When we looked further, we identified an emerging safety signal during the study. There were 8 deaths from serious infection in the pralsetinib arm compared with none in the chemotherapy arm. This prompted an urgent protocol amendment urging investigators to be vigilant for infection and to dose reduce or discontinue treatment depending on the severity of infection identified. After implementation of this amendment, there were no further deaths due to infection among pralsetinib-treated patients. When we looked at the sponsor’s global database of all pralsetinib-treated patients after implementation of this safety measure, we identified only 1 further death from infection. When we looked at the FDA global safety database after this date, we again observed no further deaths from infection.

In summary, we identified and confirmed that pralsetinib was markedly superior to standard chemotherapy plus or minus immunotherapy in the frontline setting, reinforcing current guidelines that recommend selective RET inhibitors as first-line treatment for RET-positive non-small cell lung cancer. This was underpinned by a strong response rate, durable duration of response, and progression-free survival benefit that was maintained in patients with and without brain metastases.

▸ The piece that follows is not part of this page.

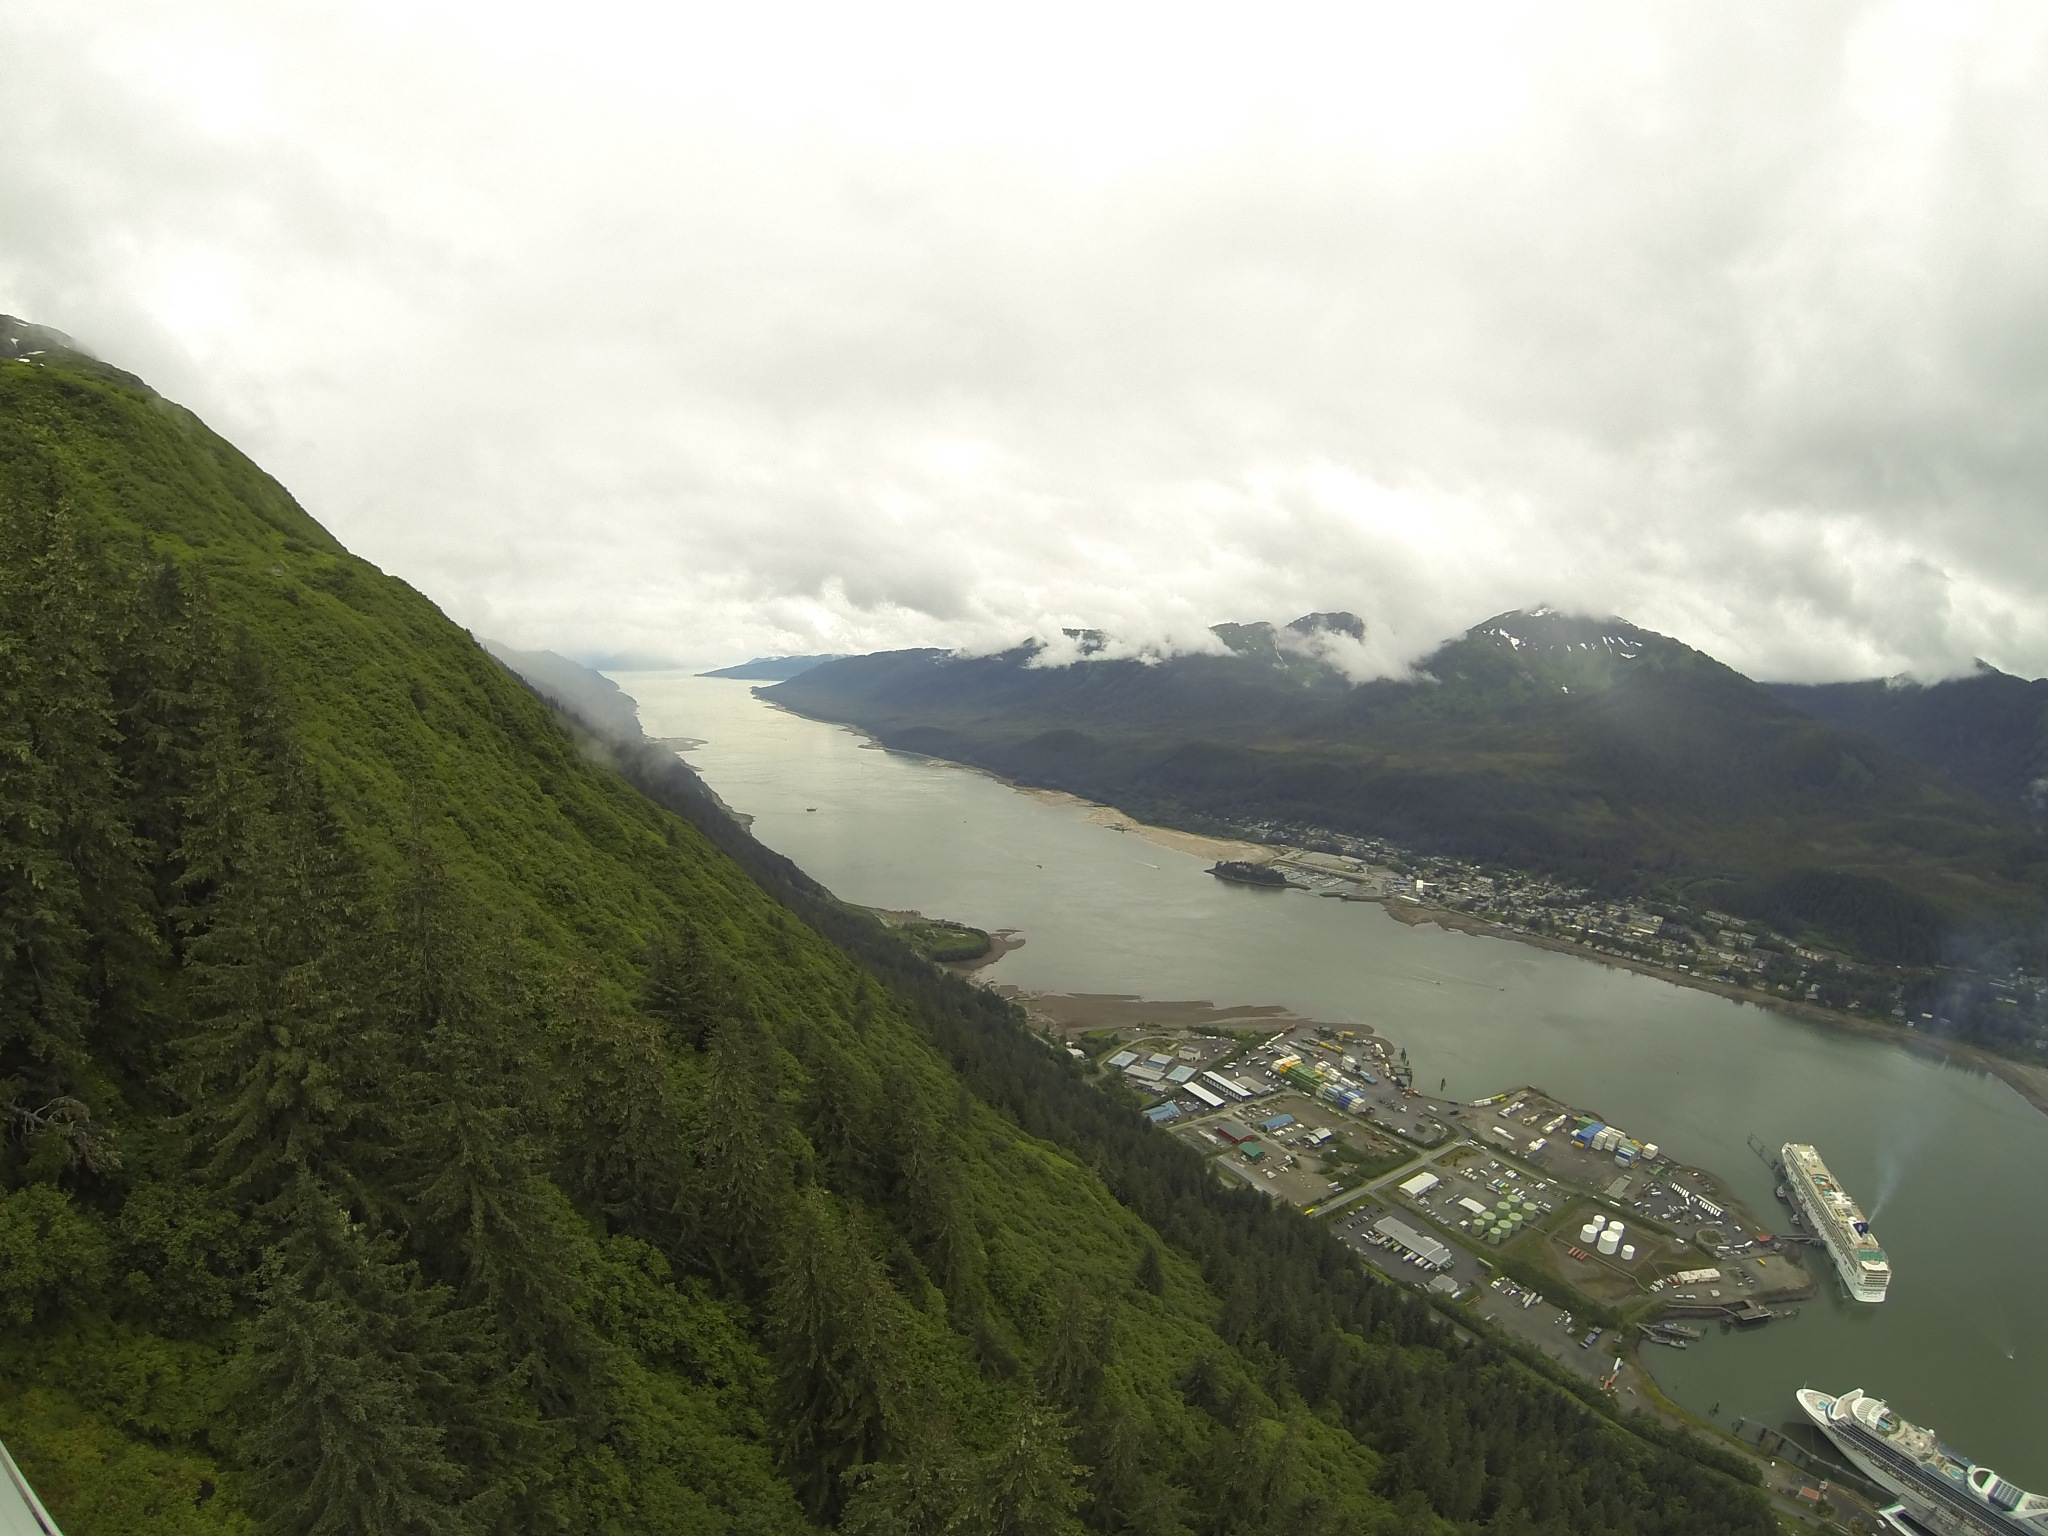 Juneau, Alaska by mrusc96

We did identify a safety signal regarding serious infections, but this was effectively mitigated by increased awareness, prompt management of infection when it occurred, and dose reduction or discontinuation when infection was severe.

Source:

Popat S, Besse B, Calles A, Cecere FLL, Cho BC, Ferrara R, et al. Efficacy and safety of pralsetinib as first-line treatment of RET fusion–positive advanced or metastatic non–small cell lung cancer (NSCLC): The phase 3 AcceleRET-Lung study. Presented at the ASCO Annual Meeting. 2026.